From the perspective of 2019, H. Ross Perot looks like a key precursor to Trump: the billionaire political outsider who popped up on Larry King Live, opposed free trade deals, and who spoke bluntly and simply and promised to just roll up his sleeves and look under the hood. But there were some key differences. Perot worried about the deficit — “the crazy aunt in the basement” and about the debt — back when it was a “mere” $5 trillion. He supported means-testing Social Security. His policy interests were not wide but he knew enough about them to give lectures with charts. Perot was feisty but rarely obnoxious.

Back to Jonah’s point, you might think that the time with the biggest interest in candidates outside the major parties would be a time of major crises and national instability.
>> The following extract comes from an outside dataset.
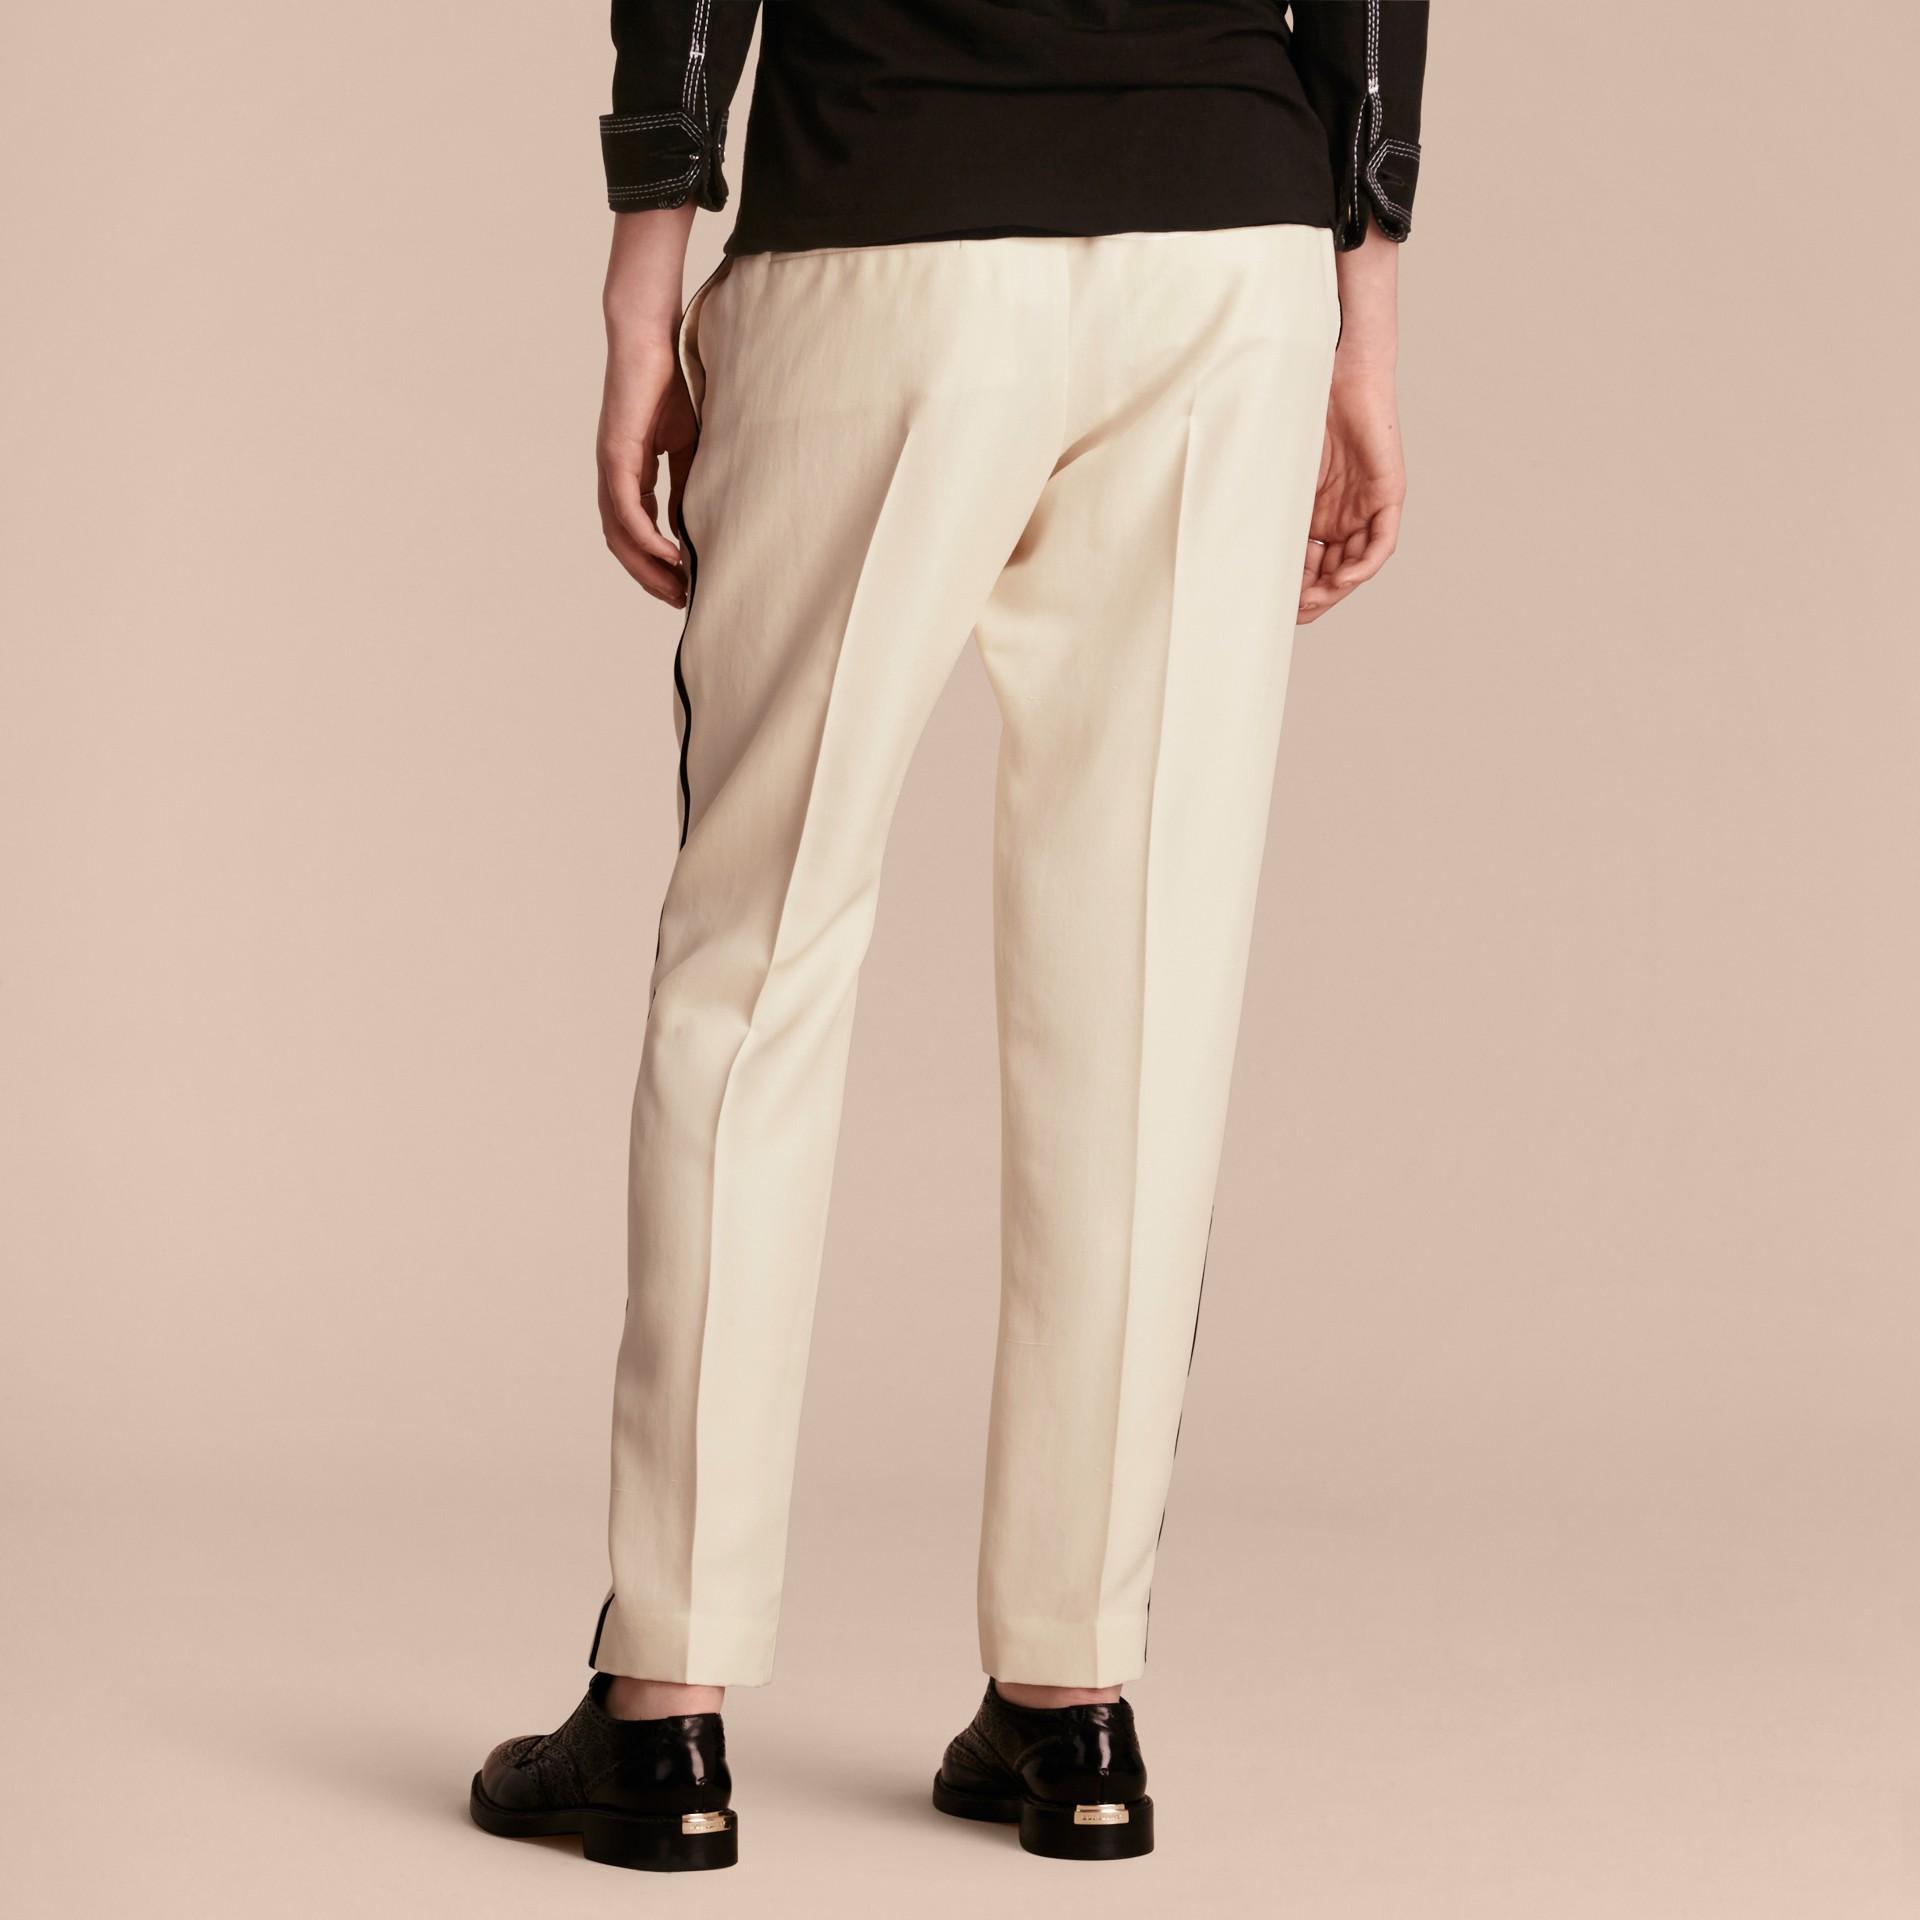 Parchemin Pantalon de survêtement ajusté en soie - photo de la galerie 3
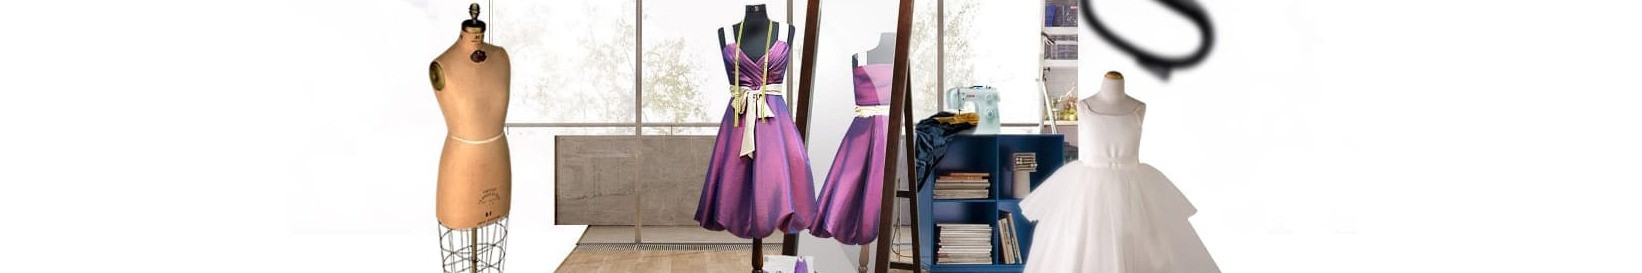 Ремонт одежды, услуги рукоделия и уроки шитья для новичков

And yet . . . the United States of America in 1992 doesn’t look all that bad at all from the perspective of today. Yes, the country was emerging from a recession, but unemployment peaked at 7.8 percent in June, which looks pretty modest by the standards of the Great Recession. The tech and dot-com booms were just around the corner. The Cold War was over, Kuwait had been liberated from Saddam Hussein, and the United Nations had rarely looked more effective. The worst horrors of the Balkans still lay ahead. Al-Qaeda was just a bunch of unknown guys. North Korea had no nuclear weapons, nor did Iran — nor did India or Pakistan yet. Perot and Bill Clinton lamented that Washington was allegedly paralyzed by gridlock, but the partisanship of that era looks mild compared to today. The legislation passed during Bush’s presidency was pretty substantive.

Depending upon your point of view, Perot and Clinton either tapped into latent American anxiety in the early 1990s, or they convinced Americans that things had gone terribly wrong when in fact things were going okay. As I noted when George H.W. Bush passed away, on the campaign trail, Bill Clinton described a struggling, desperate America:

Unemployed workers who’ve lost not only their jobs but their pensions, their health care, and even their homes. Laid-off defense workers who now make their living driving cabs. Elderly couples whose refrigerators are bare because so much of their monthly Social Security check has to go for prescription drugs. Middle-class families everywhere who’ve taken second jobs to make ends meet.

H. Ross Perot declared in his book, “Unless we take action now, our nation may confront a situation similar to the Great Depression — and maybe even worse.” That looks pretty hyperbolic, considering how the 1990s turned out.

But whatever his flaws, H. Ross Perot ran and ran again because he loved his country dearly. He was an American original in every sense of the term, generous to veterans and many other good causes. R.I.P.